> **WHAT YOU WILL DO**: For every line in the entries that contains "Total", show the whole line.

> **MATERIAL FOR THIS EXERCISE**:
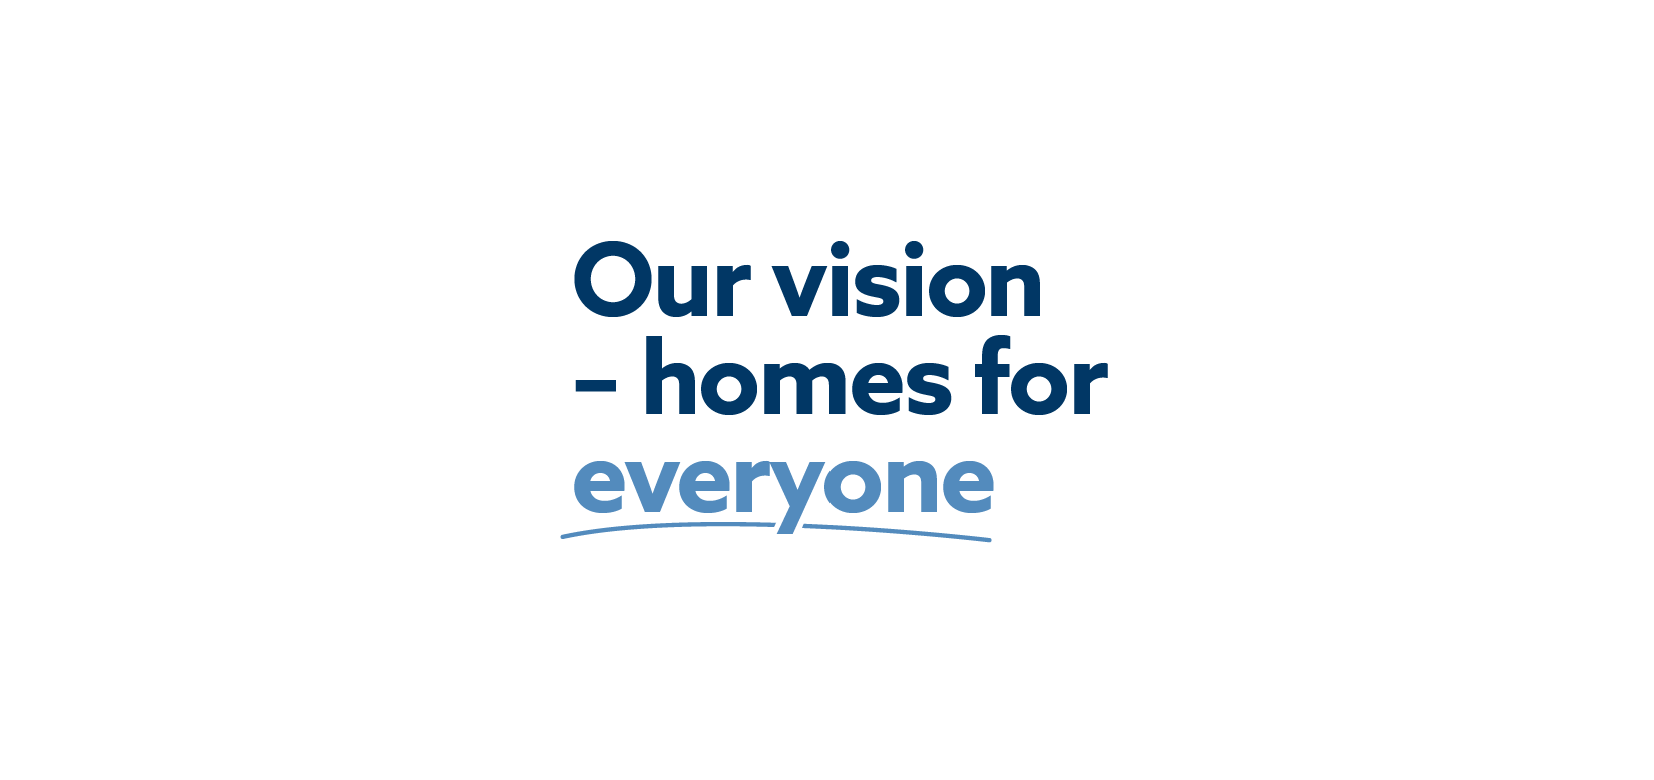 Our vision and values
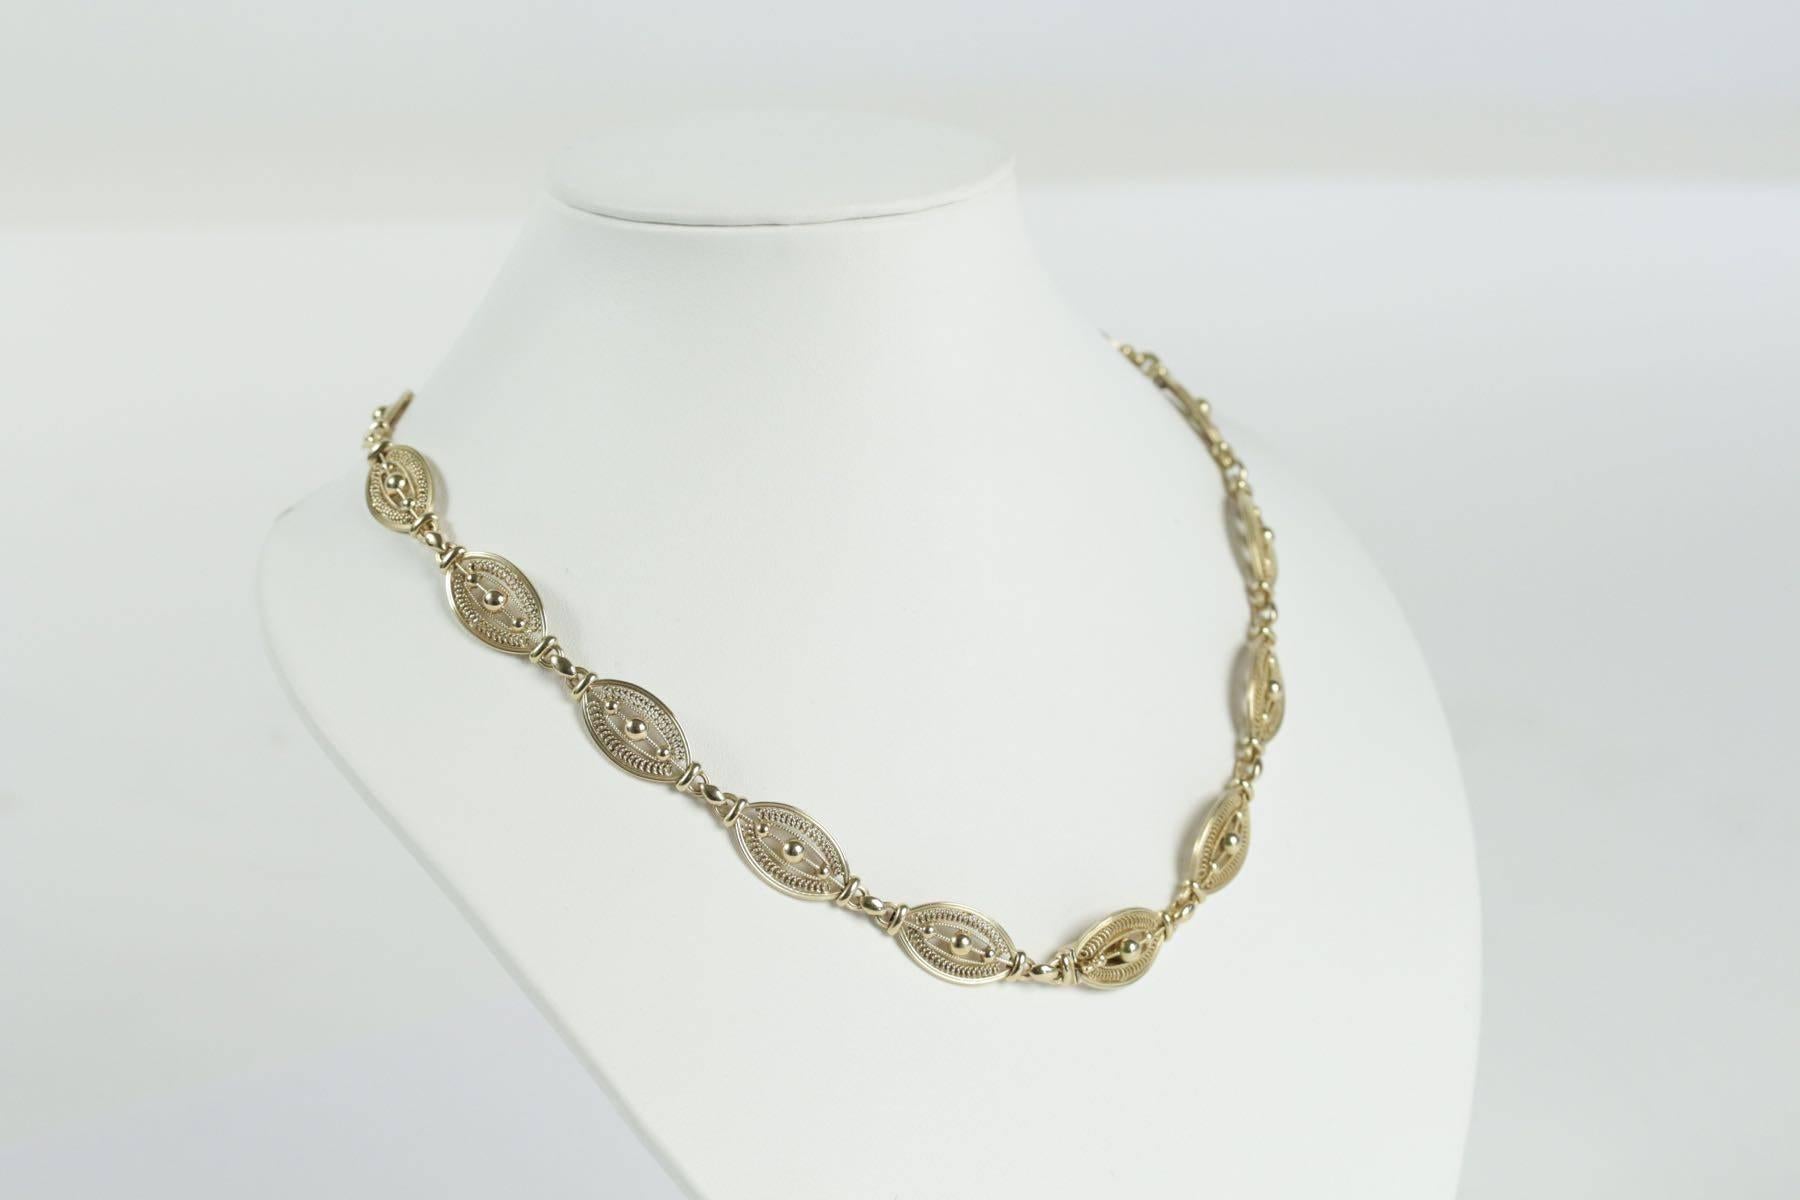 18k yellow gold necklace.
Can be transformed and used as a bracelet.
French work. Circa 1900. 

Total necklace length: 40 cm
Total bracelet length: 17.5 cm
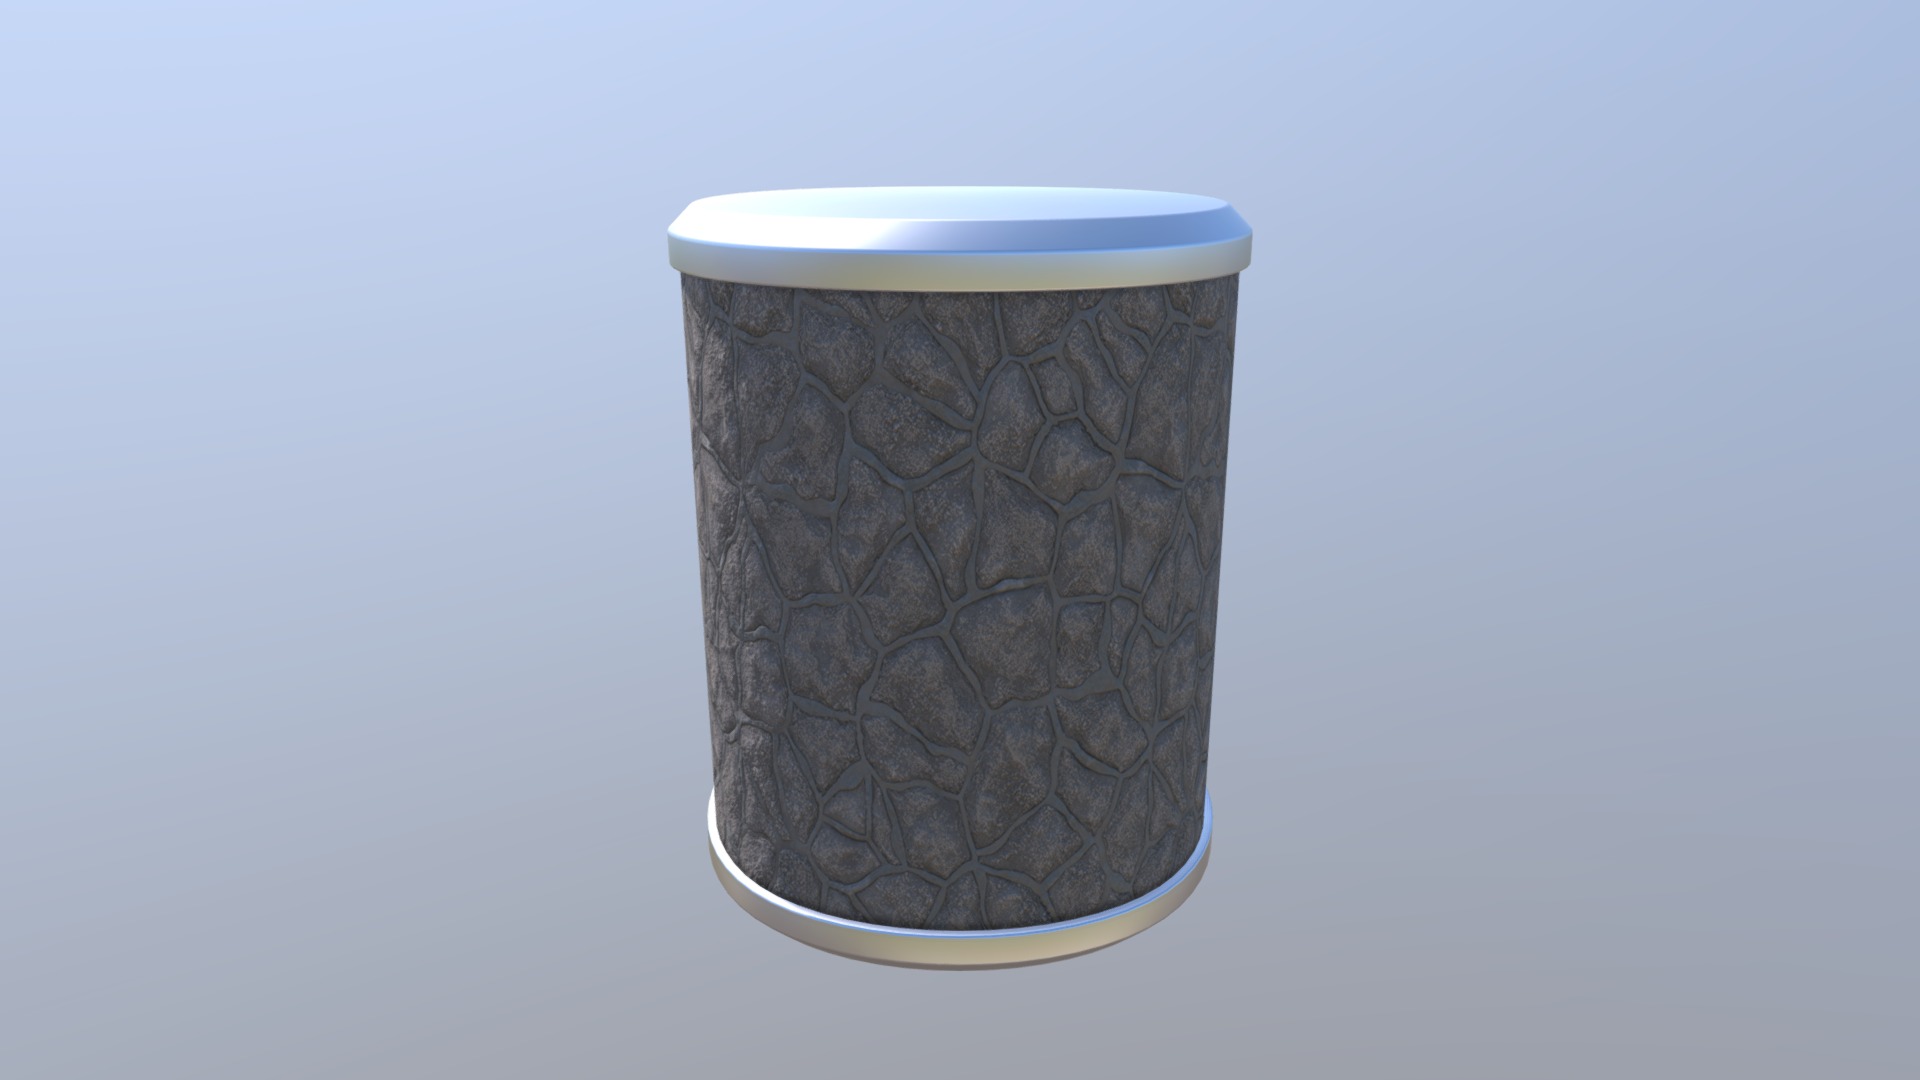 3D model Material - This is a 3D model of the Material. The 3D model is about a glass of brown liquid.

> **ANSWER BOX**:
Total necklace length: 40 cm
Total bracelet length: 17.5 cm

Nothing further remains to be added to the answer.